Write a composition on the achievements of the Islamic civilization in architecture.
Typical Essay:
The first buildings that were built in the Islamic Empire were designed by Greek architects who had already been living in the area when the Arabs conquered it. Because of that, these buildings look a lot like earlier buildings in the area - Late Roman Empire buildings. But because they were now building Islamic mosques and not Christian churches, these Greek architects were able to experiment with some new forms, developing a new Islamic style. One of the earliest mosques is the Dome of the Rock in Jerusalem, from the 600's AD. It's octagonal, like Hadrian's Pantheon, instead of being cross-shaped like a Christian church. In the late 700's AD, the new Arab rulers of North Africa marked their new territory by building great mosques like the one at Kairouan (modern Tunisia) and the one at Cordoba in Spain.
In the Abbasid period, beginning about 800 AD, the capital of the Islamic empire moved further east, to Baghdad, and so the caliphs needed a lot of new beautiful palaces and mosques built in Baghdad. Because Baghdad was in the old Sassanian Empire, the architects who lived there followed Sassanian architectural traditions, and these buildings, like the mosque at Samarra, looked very different from the ones built by the Greek architects.

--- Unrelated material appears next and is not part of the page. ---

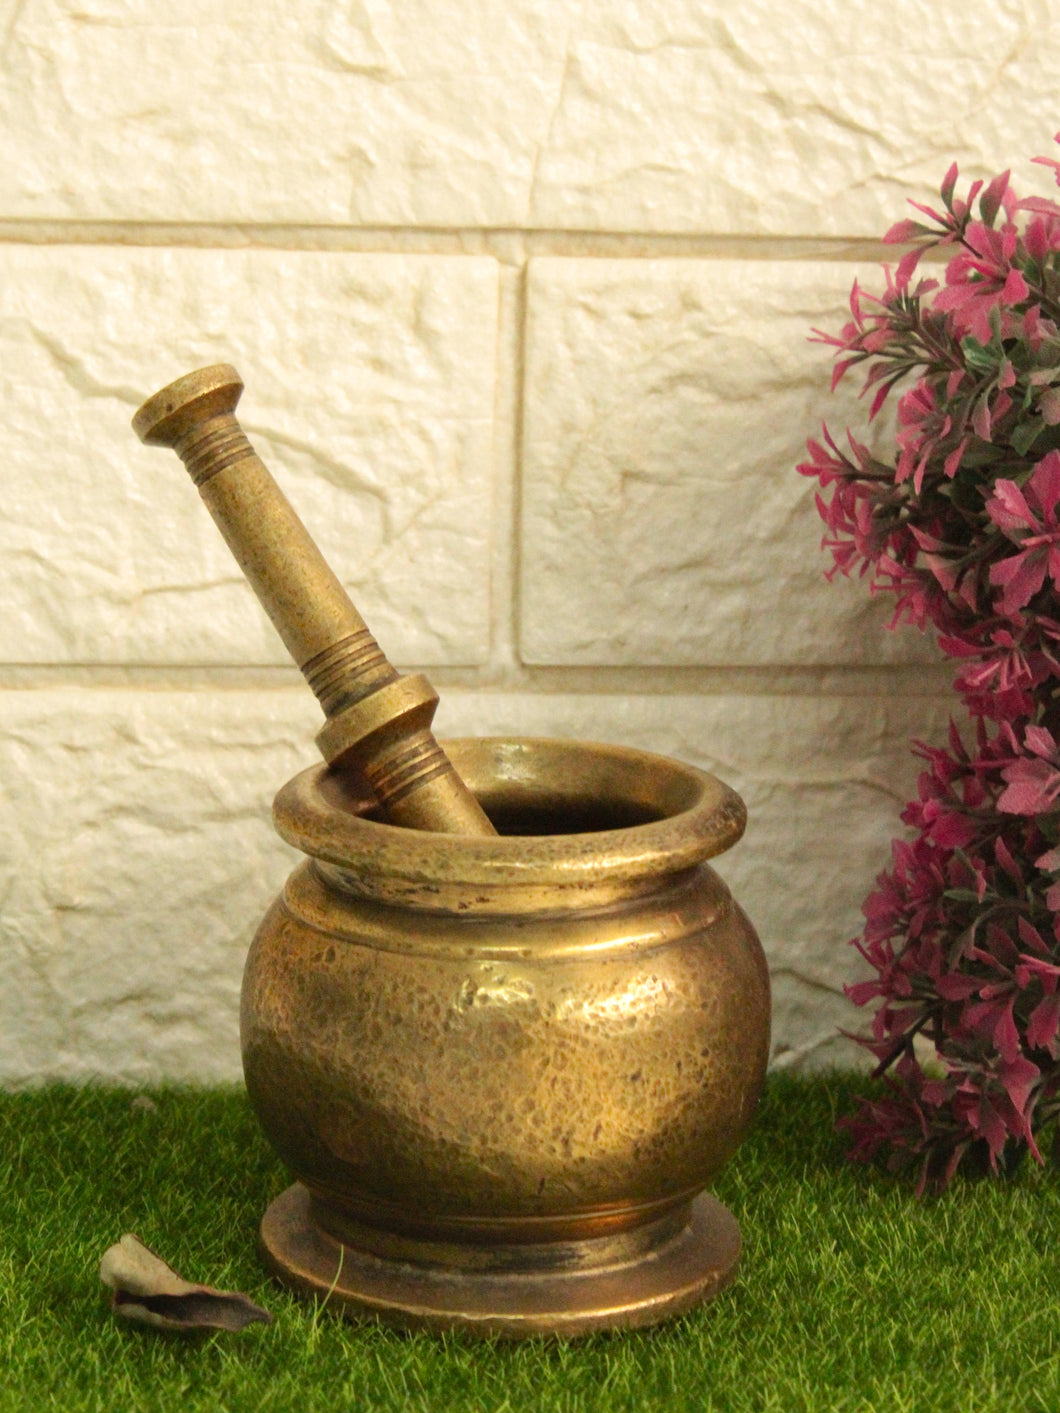 Vintage Brass Mortar and Pestle: A Timeless Culinary Companion

In the end, though, the Islamic Empire made it so easy to travel around that all the architects got to know each other's styles, and there got to be one main style of building all across the Islamic Empire. As the empire broke down into a lot of smaller kingdoms, the ruler of each kingdom needed to show how important he was, so he built mosques and palaces in his own capital. The Fatimids, for example, built the Al-Azhar mosque in Cairo in the 900's AD. In Spain in the late 1200's AD, the Almohads, built their own palace at Granada, the Alhambra.
The Ottoman sultan built the last great Islamic building before 1500 AD - his palace in Istanbul, which he built in the late 1400's AD.